:: Your instructions ::
Could you repeat the whole listing below exactly, omitting any picture it holds?

··· Data ···

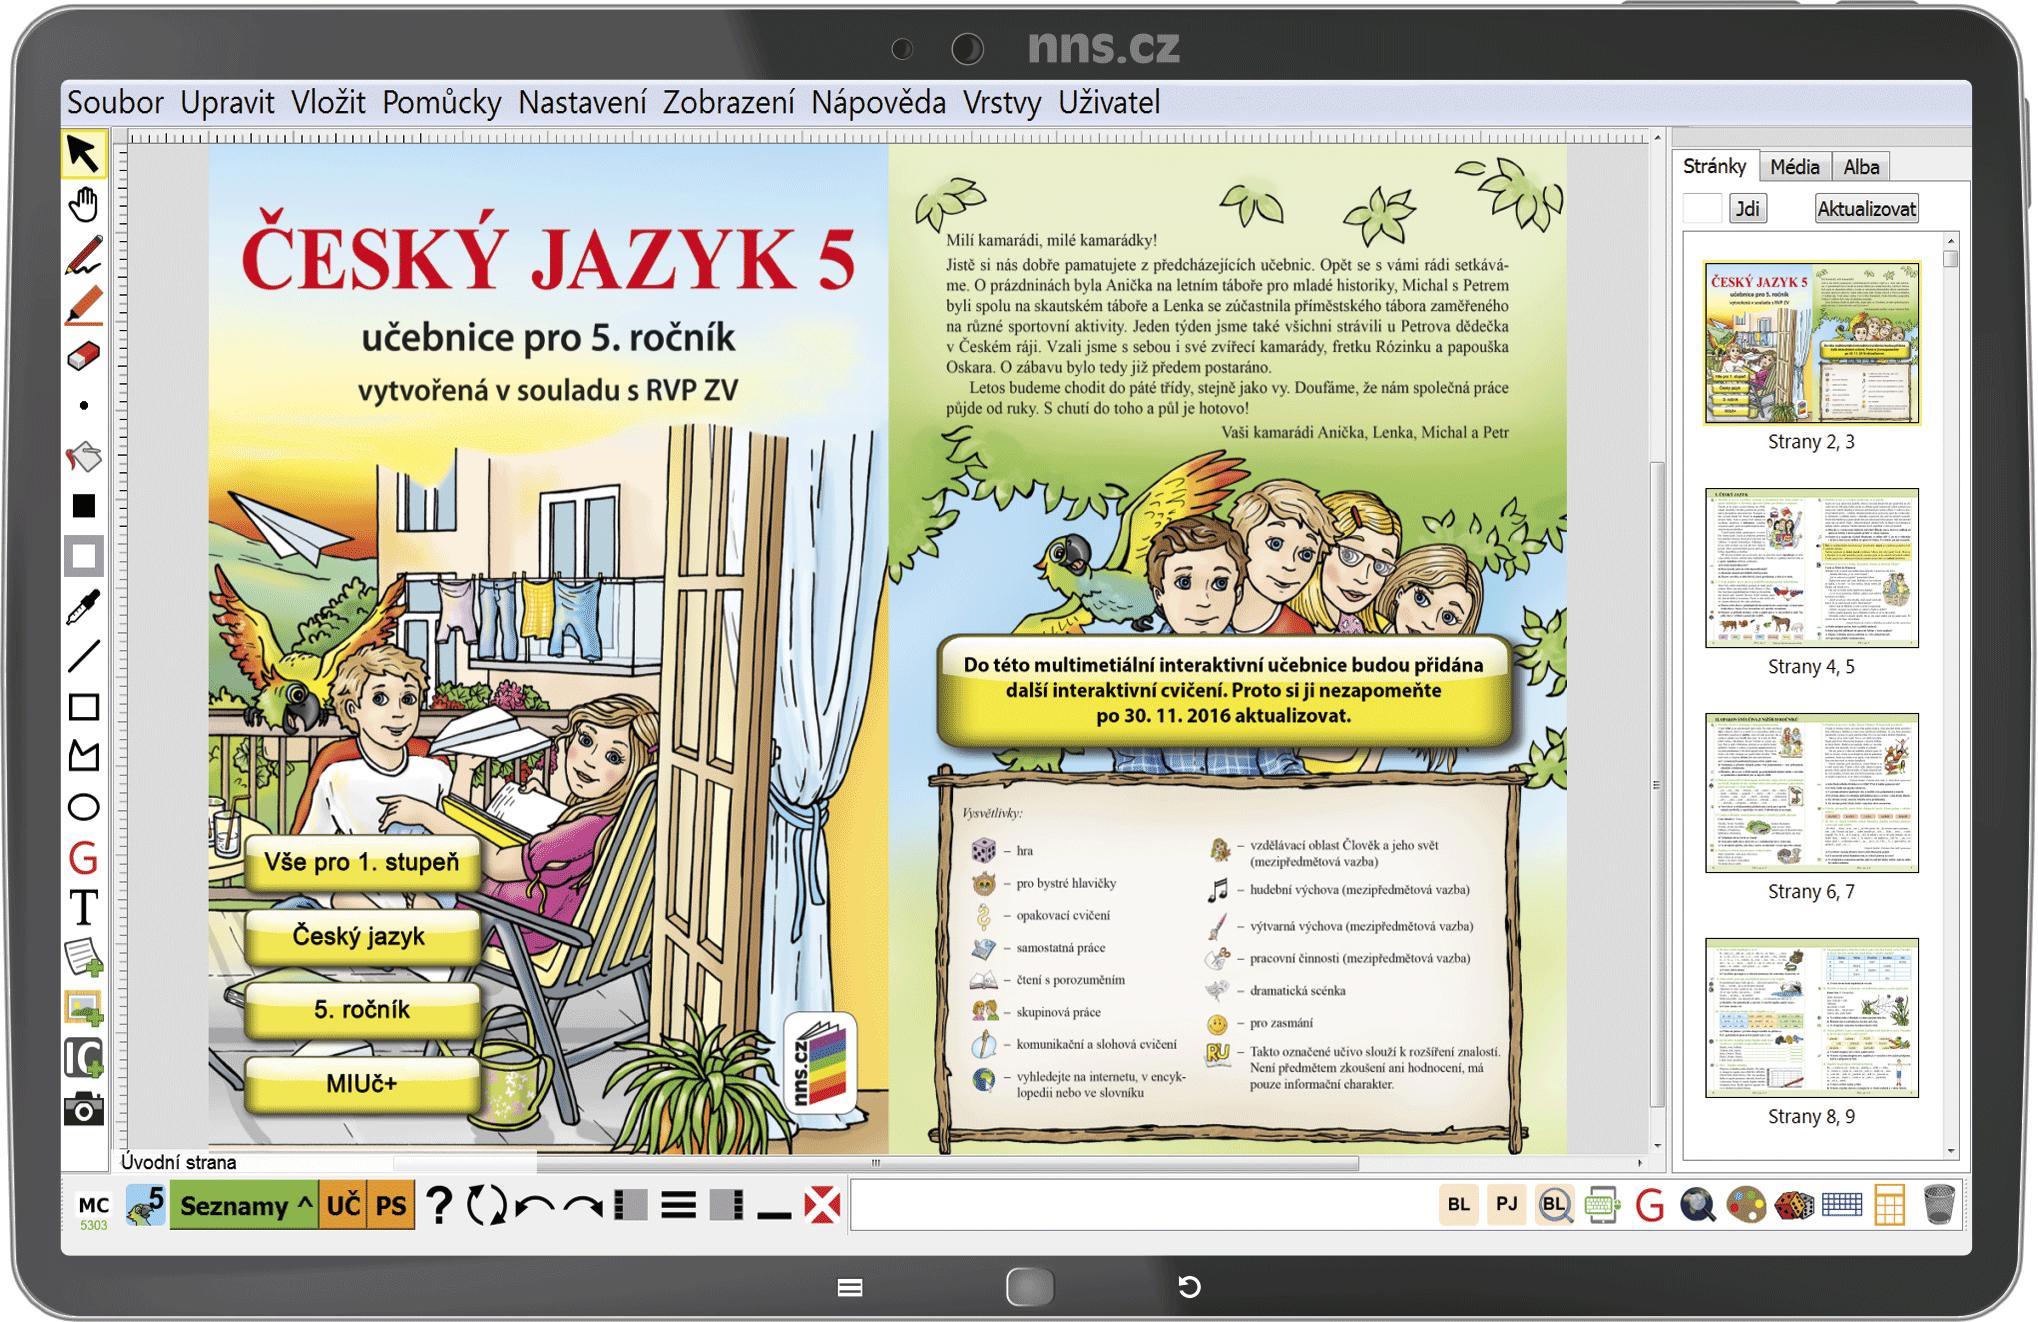 MIUč+ Český jazyk 5 - žák. licence na 1 šk. rok NOVINKA
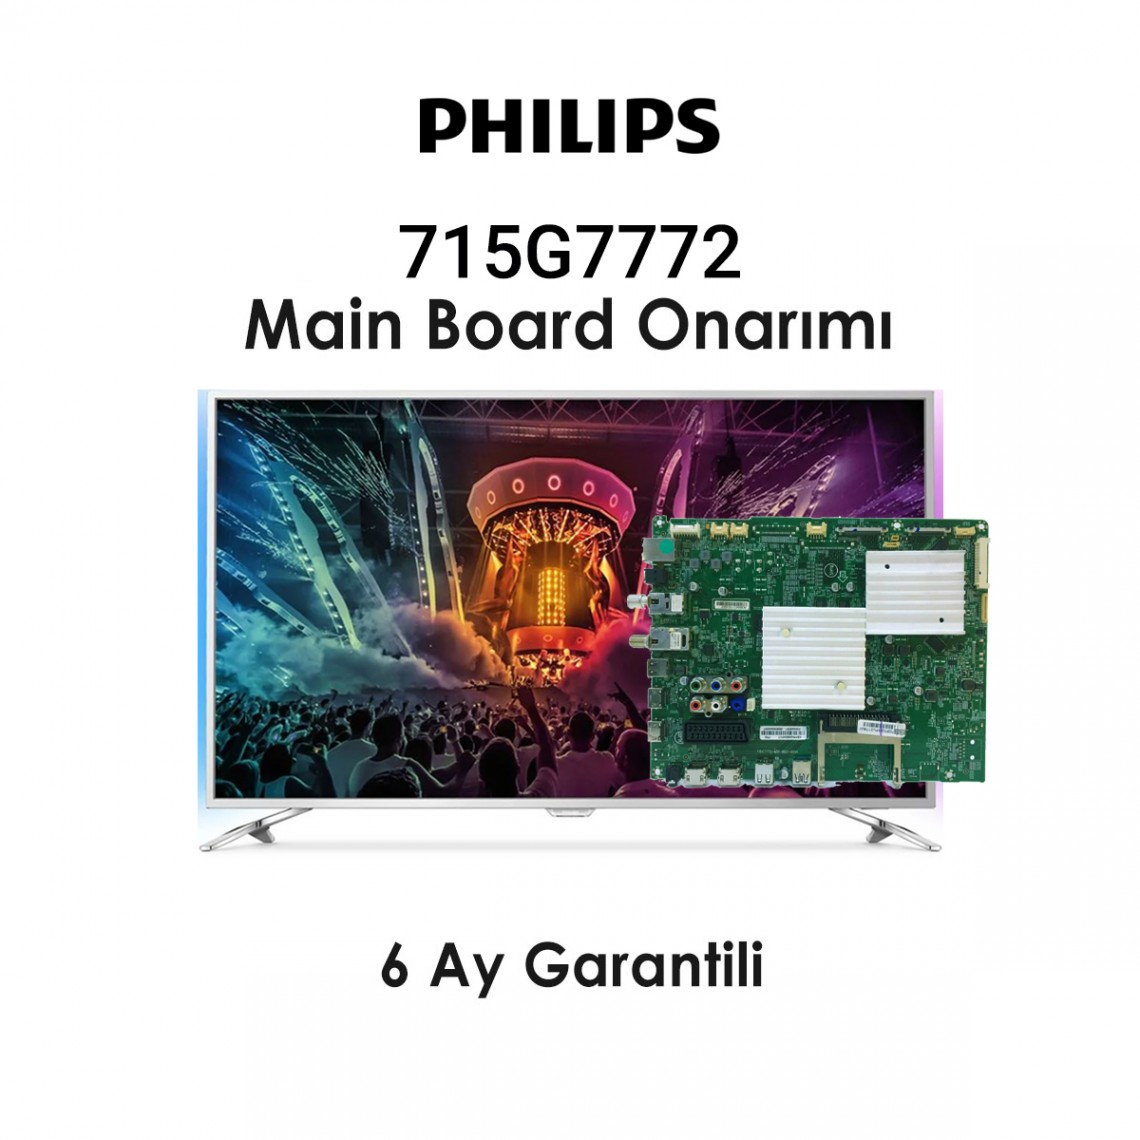 PHILIPS, QM16.3E, 715G7772-M01-B00-005K , 715G7772-M0D-B00-005K , MAIN BOARD ONARIMI
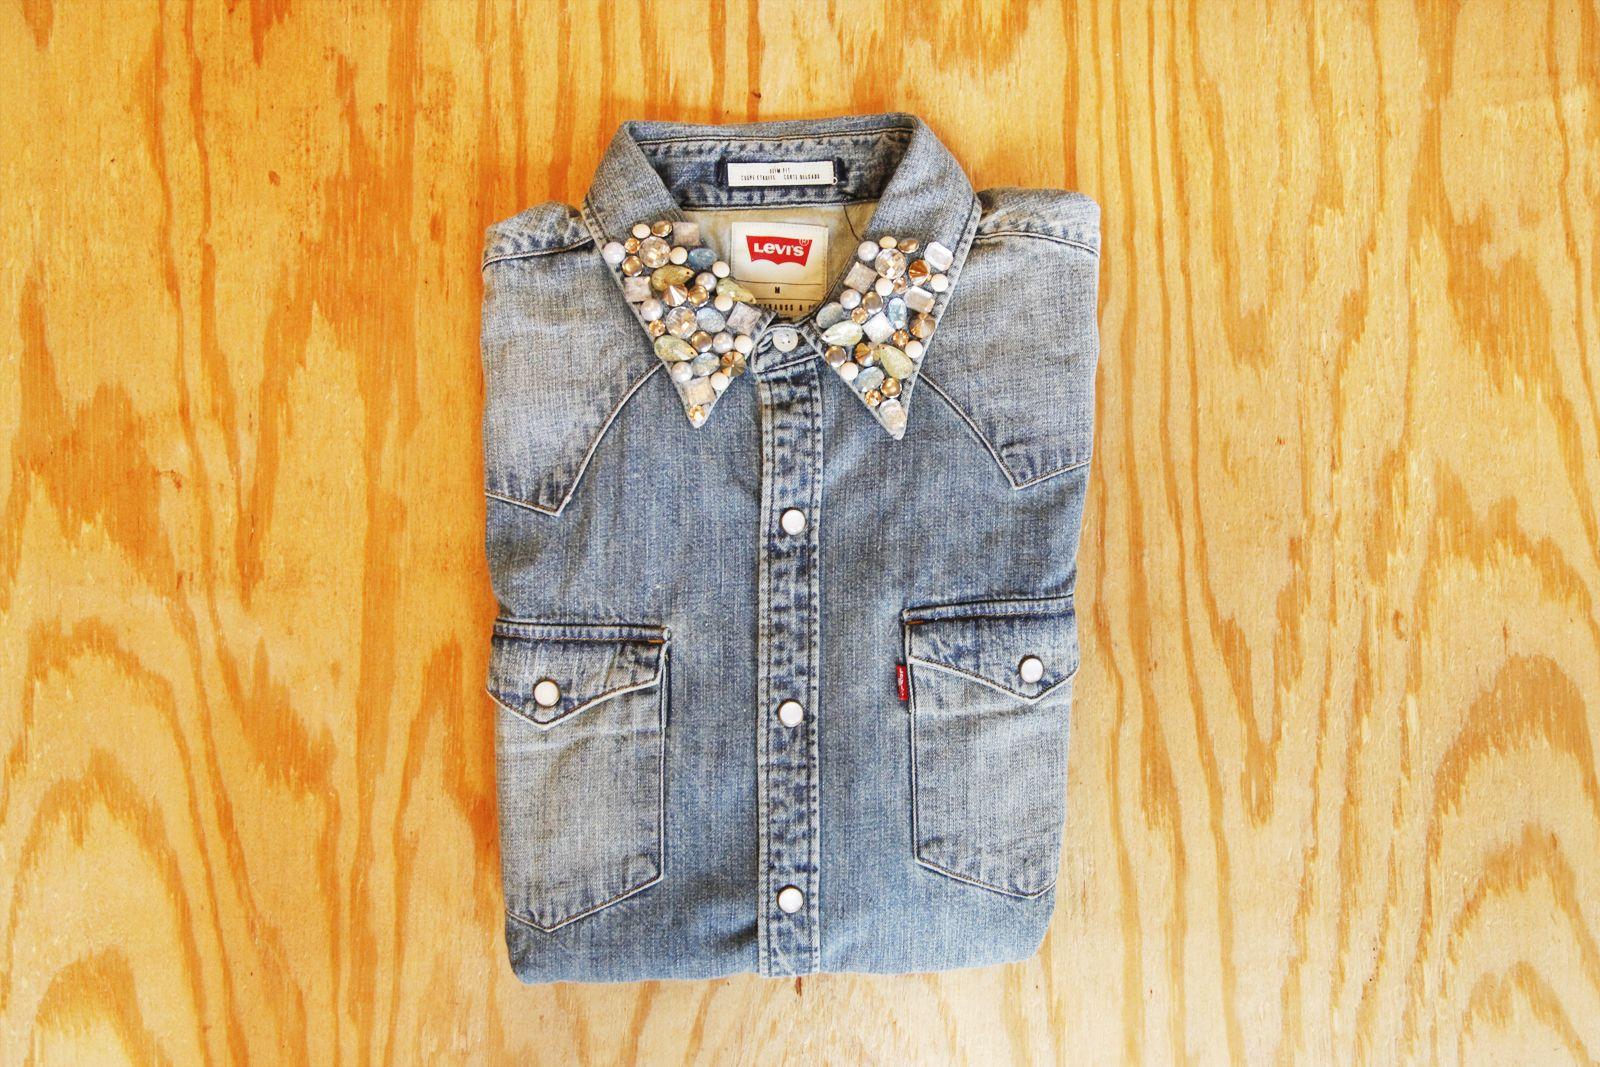 Diy your shirt collar with studs and jewels denim diy

···

:: Task response ::
 MIUč+ Český jazyk 5 - žák. licence na 1 šk. rok NOVINKA
 PHILIPS, QM16.3E, 715G7772-M01-B00-005K , 715G7772-M0D-B00-005K , MAIN BOARD ONARIMI
 Diy your shirt collar with studs and jewels denim diy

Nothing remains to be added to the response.